Foi vetada pelos Estados Unidos (EUA), nesta terça-feira (20/2), uma resolução das Nações Unidas (ONU), proposta pelos países árabes, que exigia cessar-fogo humanitário imediato na guerra de Israel contra Hamas. Com o novo veto, este foi o terceiro voto contra do país a uma resolução do Conselho de Segurança da ONU que exigia um cessar-fogo.

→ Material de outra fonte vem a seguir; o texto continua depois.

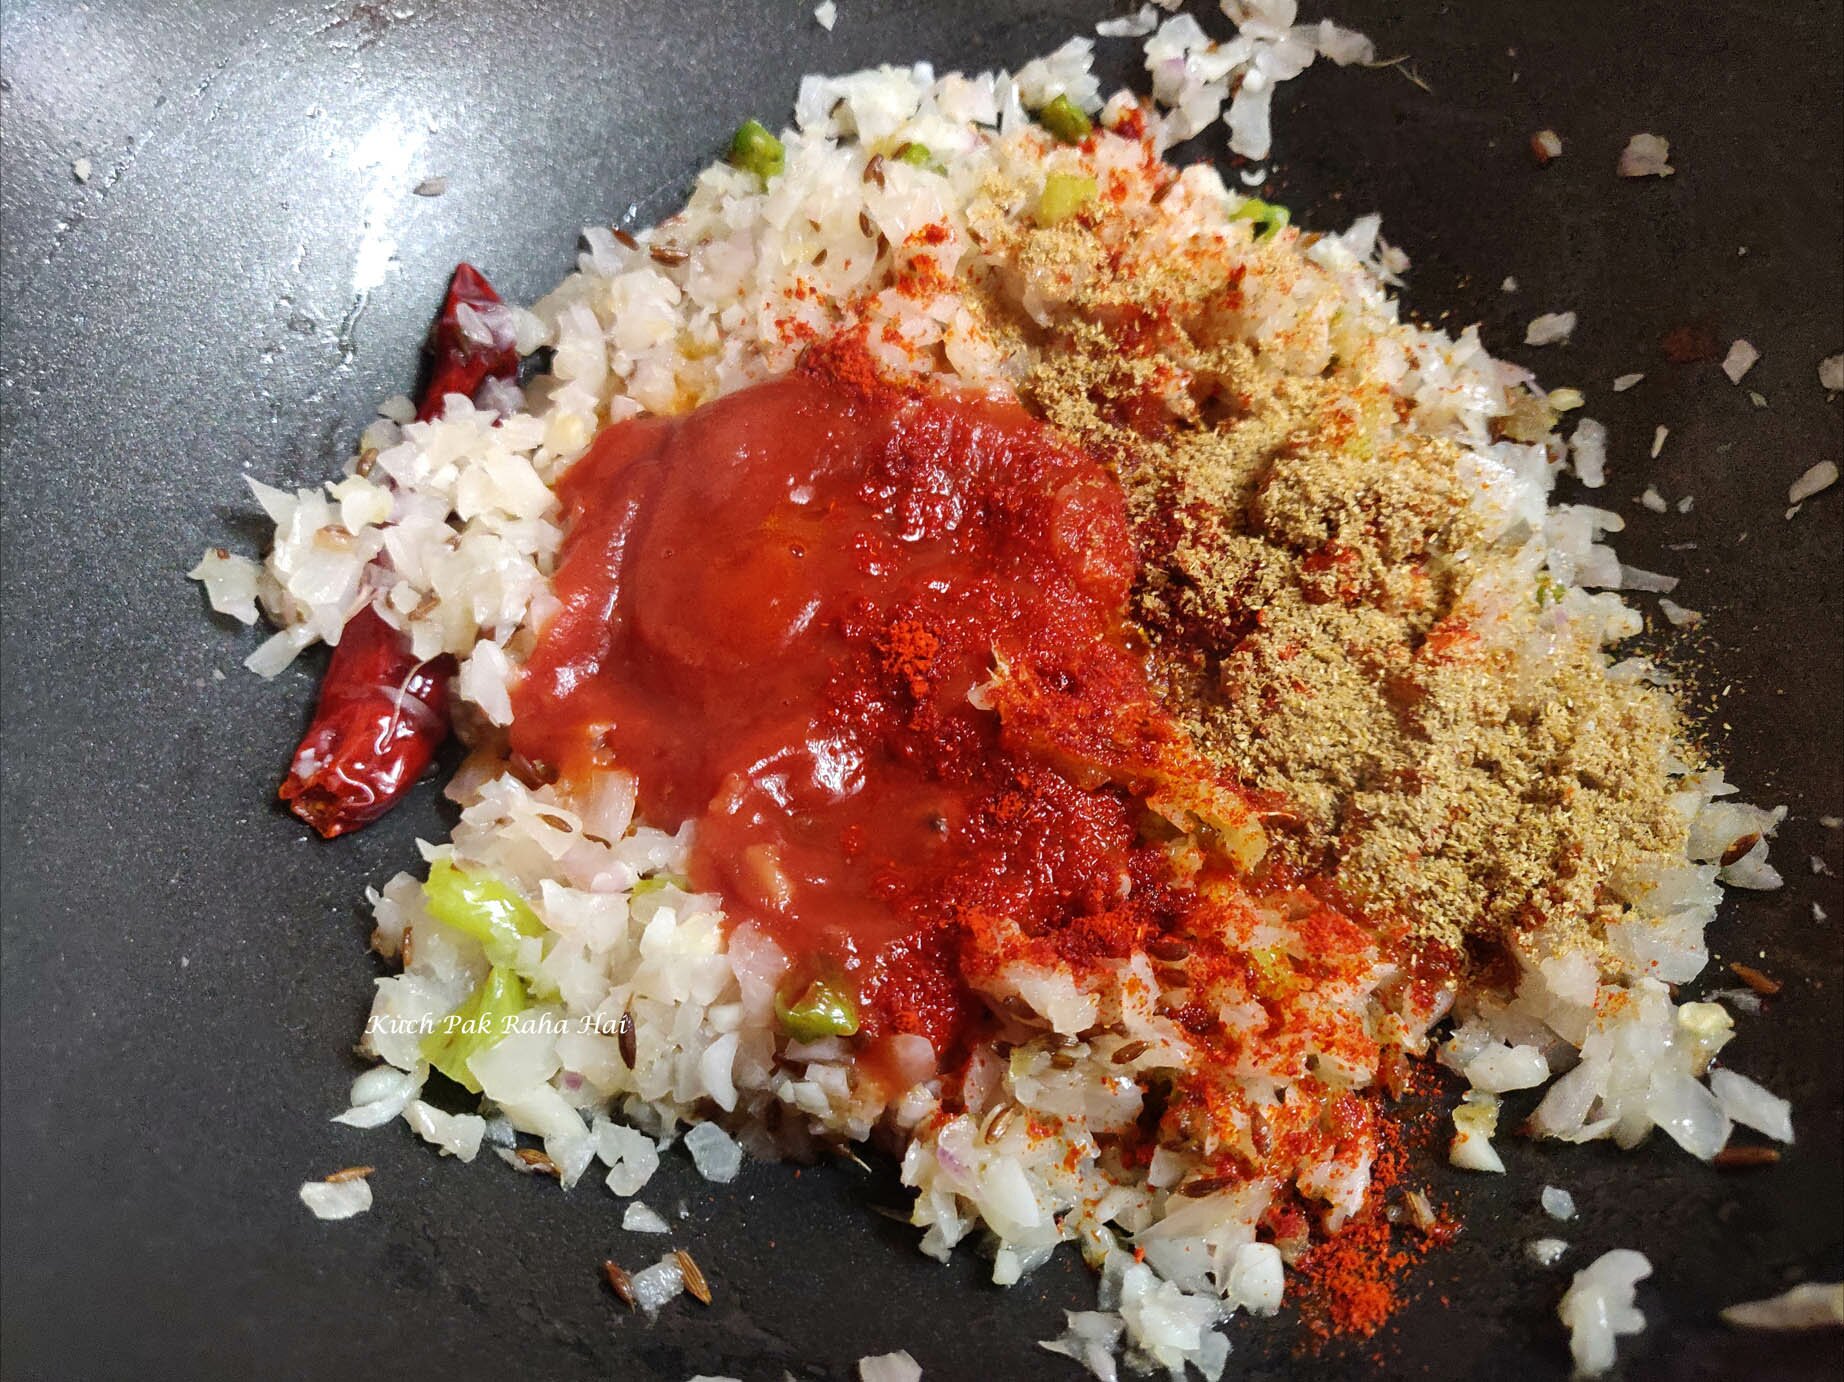 Adding tomato puree and spices to make masala for dal.

O texto previa um “cessar-fogo humanitário imediato, a ser respeitado por todas as partes” e precisava de, pelo menos, nove votos e nenhum veto dos cinco membros permanentes: Estados Unidos, China, Rússia, França e Reino Unido, o que não aconteceu. A resolução teve 13 votos a favor e 1 contra, com a abstenção do Reino Unido e veto dos EUA.

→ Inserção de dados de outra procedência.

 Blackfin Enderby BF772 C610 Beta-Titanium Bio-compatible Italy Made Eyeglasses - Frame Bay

De acordo com a ONU, depois do veto dos Estados Unidos, nesta segunda-feira, a Assembleia Geral deve ter uma sessão especial de emergência para examinar o uso do veto por países que são membros permanentes do Conselho de Segurança.

Mais de 29 mil pessoas morreram em Gaza desde o início da guerra entre Israel e o movimento islamista palestino, segundo o Ministério da Saúde do Hamas.

Explicação dos EUA

De acordo com o jornal britânico The Guardian, a embaixadora Linda Thomas-Greenfield, afirmou que o cessar-fogo “poderia interferir nos esforços em curso dos EUA para chegar a um acordo entre as partes em conflito”. O jornal americano, The New York Times, teve acesso ao rascunho da resolução de cessar-fogo, que será proposta pelo país.

No texto, que ainda está nos estágios iniciais de negociações, há um alerta a Israel contra uma invasão por terra à cidade de Rafah, no sul de Gaza, onde milhões de palestinos se refugiam e ainda a apresenta a proposta de liberação de todos os reféns mantidos pelo Hamas.